As the end of the financial year draws ever closer, it’s important not to forget about any ISAs (Individual Savings Accounts) you have and any remaining payments that you’re allowed to make. The maximum allowance for ISAs for the 2015/16 financial year is £15,240, so it’s important that you invest any funds that you have left to pay into your ISA as close to that amount as possible, as soon as you can.
The amount will reset again on 6th April 2016 whether you have paid in the maximum amount or not – it cannot be carried over to the next year – so make sure you take advantage of your full allowance whilst you can.

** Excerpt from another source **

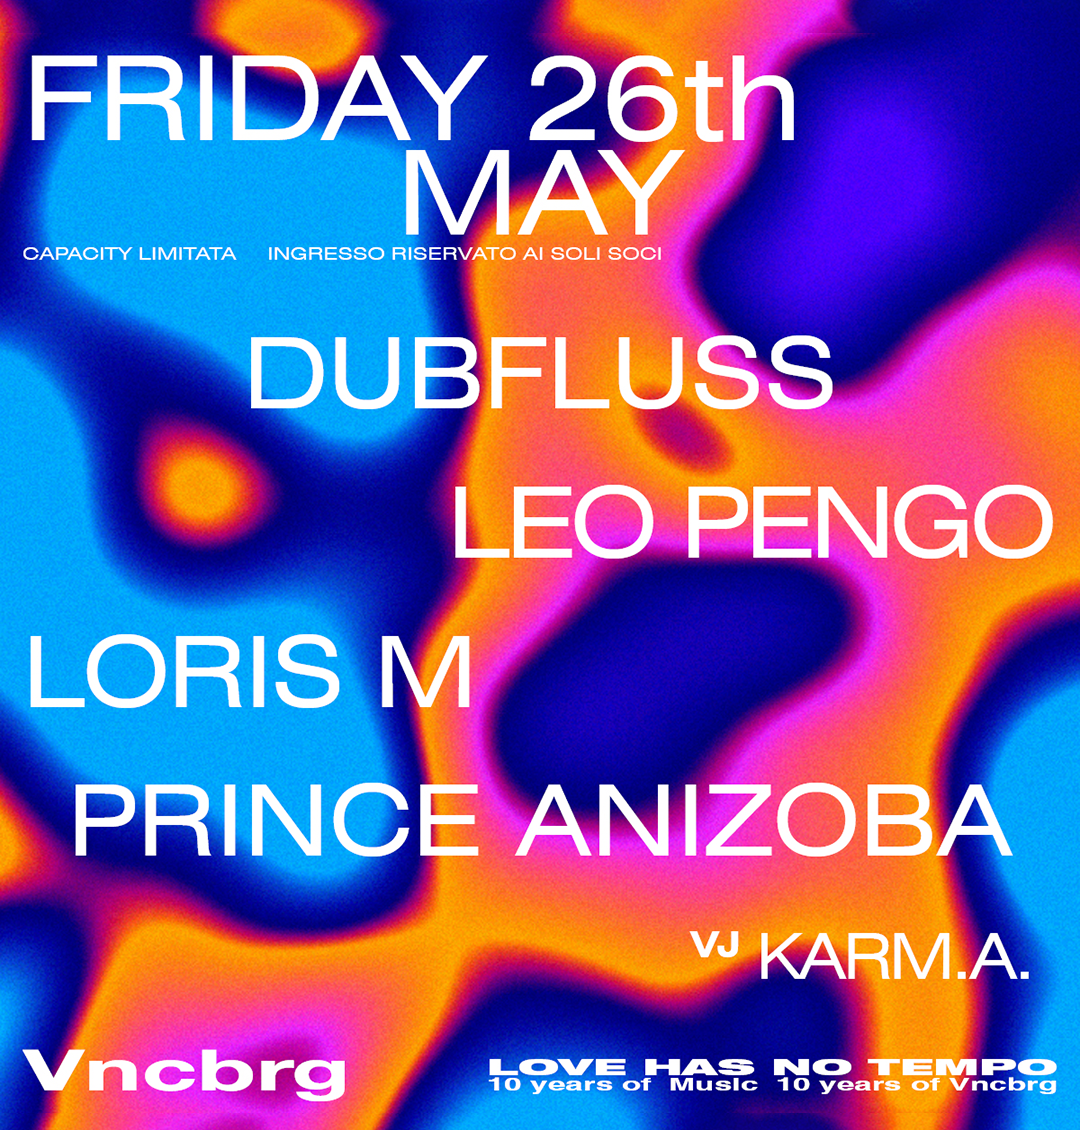 Vncbrg with Dubfluss, Leo Pengo, Loris M, Prince Anizoba - Página frontal

The main draw of investing your money into an ISA is, of course, that any money you pay in is exempt from taxation on withdrawal, allowing you to potentially build up interest on invested funds much more readily than in other forms of savings or investments. It’s typically considered a good idea, therefore, to take full advantage of any ISAs you have before 5th April this year, if you are in a position to do so, or you will be missing out on the tax-free savings you’re entitled to.
Special Mention; The Personal Savings Allowance
This next tax year also brings with it the introduction of the Personal Savings Allowance (PSA). The personal savings allowance in 2016/17 will be £1,000 if you are a basic rate taxpayer and £500 if you are a higher rate taxpayer. If you pay tax at 45%, then you will not receive any allowance.
From 6 April 2016 banks and building societies will start paying interest without deduction of tax, thereby saving HMRC a flood of small tax reclaims. National Savings & Investments will do the same, although it does already pay interest gross on some of its products. However, at least for the time being, unit trusts and OEICs that make interest distributions (e.g. corporate bond funds) will still have to withhold basic rate tax.
This together with the dividend allowance (as explained in our other article) means that as part of your year-end planning you should review your investments to consider who holds what and how they are held. These allowances create some interesting new planning opportunities, not all of which are immediately obvious. For example, with the right mix of dividends and other income in 2016/17 it will be possible to receive an income of £22,000 a year without paying a penny in tax.
Your ISA allowance is separate to the Personal Savings Allowance and you can take advantage of that on top of the new PSA. Particularly for higher rate tax payers, who get a lower allowance, and for additional tax payers who are unaffected by the change, ISAs will remain a key player in the savings game.